De acordo com ativistas coreanos, todos os dias duas mulheres ou meninas se tornam escravas sexuais na Coreia do Sul, e mais de 10 mil homens acessam diáriamente o seu conteúdo compartilhado.
Segundo vários relatos, Cho foi voluntário em um orfanato em Incheon nos fins de semana de outubro de 2017 até muito recentemente. Ele chegou a aparecer em um artigo publicado em uma mídia online em novembro passado. O período de sua atividade voluntária coincide com o período pelo qual é acusado de exploração e agressão sexual das vítimas e à distribuição de vídeos no Telegram. A polícia suspeita que ele começou a operar as salas de bate-papo do Telegram no final de 2018 e continuou até sua prisão.

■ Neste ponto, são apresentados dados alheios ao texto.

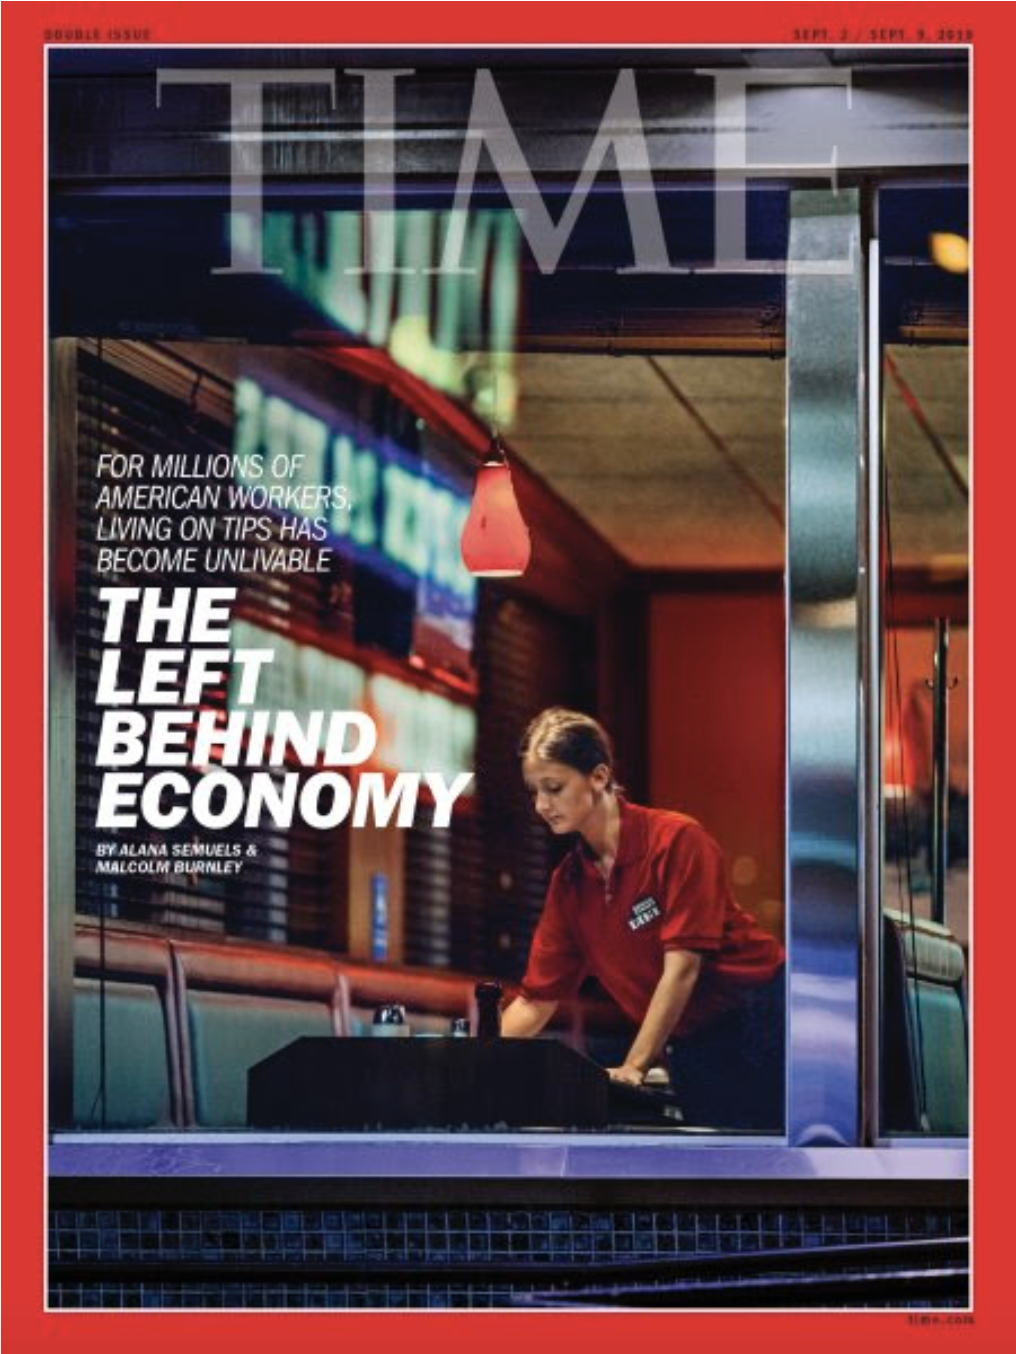 Restaurant Workers are on the Cover of Time Magazine

Cho se formou em comunicação e informação em uma faculdade em Incheon em 2018, escreveu artigos e colunas para o jornal da escola e eventualmente se tornou editor-chefe.
Sua família deixou a casa onde morava, em Incheon, após a prisão de Cho. Talvez em uma tentativa de se afastar do caso e do culpado, e por medo de possíveis retaliações.
Atualmente existem duas petições em andamento para que a punição pelo crime seja equivalente a sua gravidade, sendo que a Coreia do Sul é conhecida pelas penas leves para crimes sexuais.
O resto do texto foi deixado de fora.